Depuis plus de trois décennies, Aida Seif al-Dawla est témoin de tout ce que les institutions publiques peuvent infliger à des personnes, que ce soit physiquement ou mentalement. En 1984, la psychiatre a fondé, au Caire, le Nouveau Centre de recherche sur la femme, qui lutte contre les mutilations génitales et les persécutions faites aux femmes. En 1993, elle s'est associée à trois autres activistes pour fonder le centre El Nadeem pour la réhabilitation des victimes de violence étatique et de torture, qui délivre des services médicaux et psycho-sociaux. Le centre recueille également des témoignages sur des cas de violence et mène des campagnes publiques pour le respect des droits humains. Lorsque le printemps arabe est arrivé au Caire, un espoir de changement a vu le jour dans la population. Mais cet élan est vite retombé. Aida Seif al-Dawla parle de la restauration sous la présidence d'Abd al-Fattah as-Sisi et de la situation actuelle. « C'est pire que jamais. Les anciennes forces sont de retour au pouvoir. »

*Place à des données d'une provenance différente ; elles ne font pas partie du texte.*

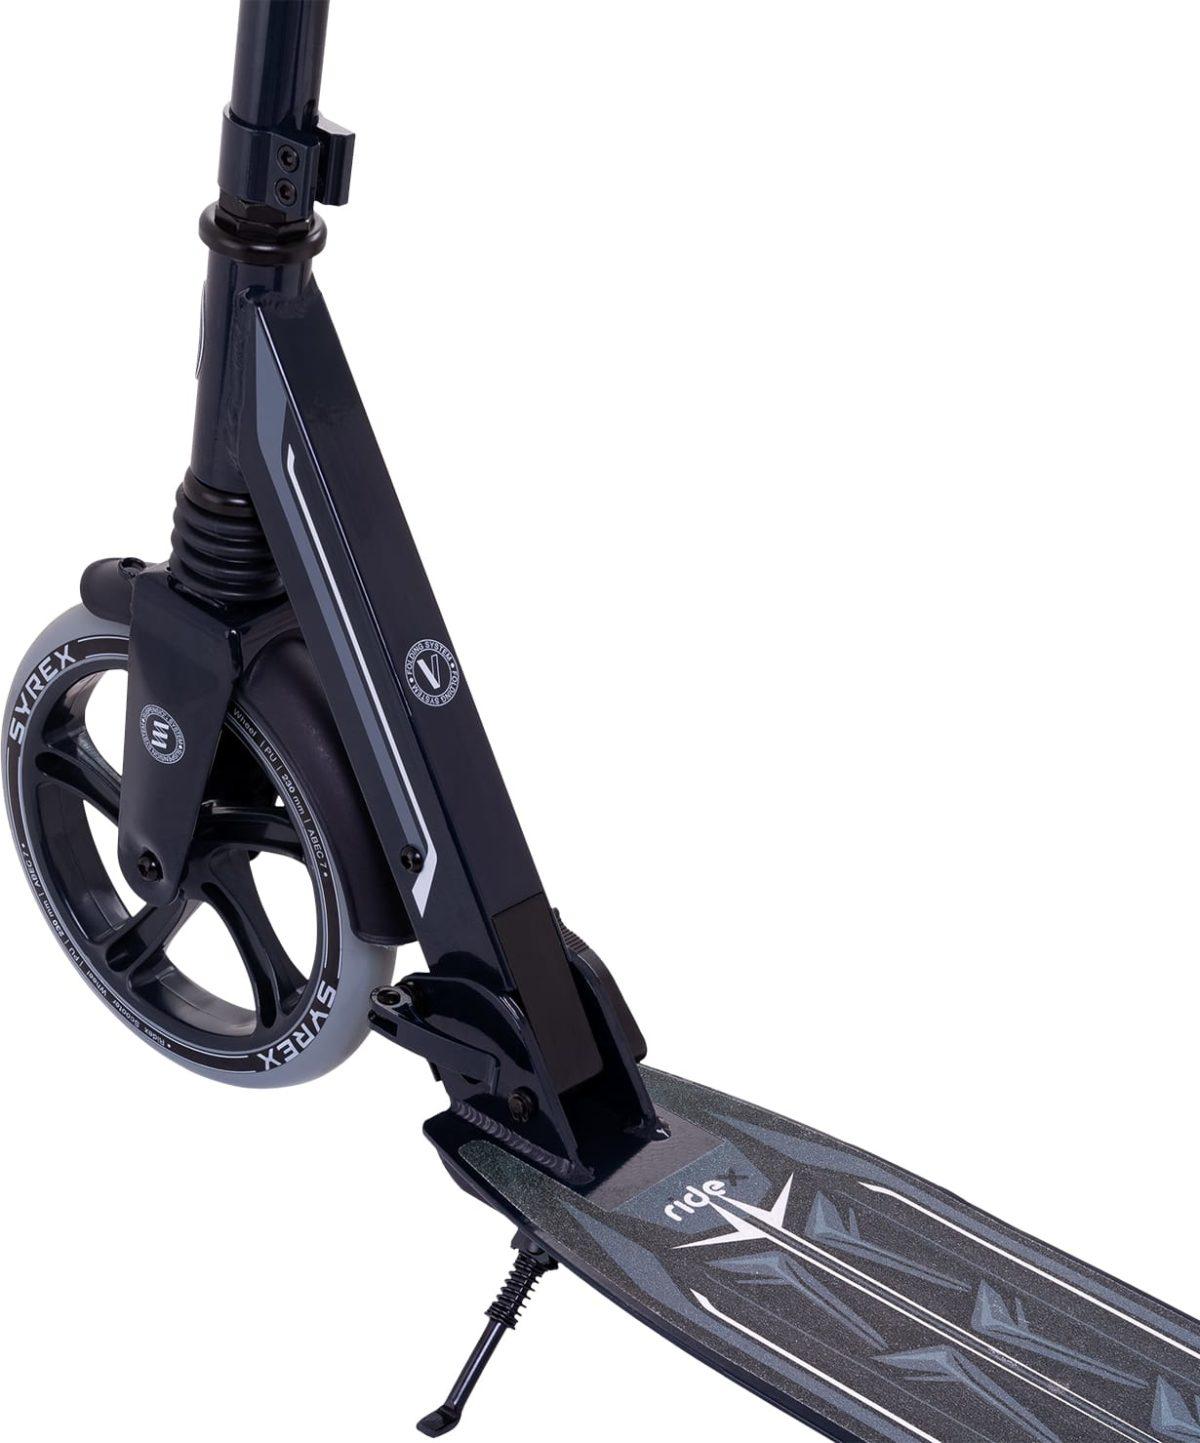 RIDEX Syrex Самокат 2-колесный  230/200 мм  Syrex: чёрный - 4

Aida Seif al-Dawla explique que, sous le joug de l'ancien chef de la police secrète militaire, il n'existe plus aucune limite aux traitements arbitraires dans les prisons. En 2015, elle et ses collègues du centre ont continué à récupérer des informations sur les violations des droits humains. Bouleversants, les témoignages évoquent des centaines de personnes mortes, disparues et torturées. Dans la tourmente de cette nouvelle ancienne Égypte, le centre tente de faire contrepoids, d’être une organisation dirigée à tour de rôle par quatre femmes, un lieu où les victimes peuvent trouver refuge et un centre de plaidoyer qui défend le droit fondamental à l'intégrité de la personne.
Aida Seif al-Dawla a reçu de nombreux prix internationaux pour son travail courageux. Au niveau local, toutefois, l'espace politique diminue de jour en jour, notamment parce que l'UE et les Etats Unis ferment les yeux sur les méfaits du régime tant que celui-ci leur garantit la « stabilité politique ». En 2013, les autorités égyptiennes ont interdit aux ONG nationales d'entrer en contact avec des organisations étrangères sans avoir obtenu l'autorisation préalable des forces de sécurité. Et le couperet définitif est tombé récemment : le ministère de la santé a retiré sa licence à El Nadeem. Le prétexte ? « Travail illégal sur les droits humains », pour la simple raison que les activistes ne se contentaient pas de soigner les blessures mais dénonçaient également publiquement les actes commis.
Aida Seif al-Dawla et ses collègues sont habituées au sabotage et à l'intimidation, mais elles refusent de baisser les bras. Une des choses qui inquiète le plus Aida Seif al-Dawla est la réaction des jeunes qui ont vu leurs espoirs d'une Égypte libre et démocratique réduits en miettes. Elle parle de son fils qui, lui aussi, connait désormais les postes de police et les morgues de l’intérieur. « Il existe un fort sentiment d'amertume. Bon nombre d'entre eux ne pensent plus qu'à partir. » Aida Seif al-Dawla voit les choses différemment : « La révolution n'est pas terminée. Nous avons juste perdu une manche. »
L'Égypte possède un long passé d'alternance politique entre nouvelles aubes et restauration, mais l'esprit du sursaut démocratique continue de vivre grâce à de nombreuses initiatives locales. En 2015, outre le centre El Nadeem, medico a apporté son soutien à l'évaluation du projet de santé urbaine par la Fondation Al Shehab dans le bidonville d'Ezbet El Haggana, au renforcement des droits des réfugiés à la santé par le Centre for Refugee Solidarity et au travail de l'AHED (Association for Health and Environmental Development) et du DSC (Development Support Center) en faveur des comités de santé locaux.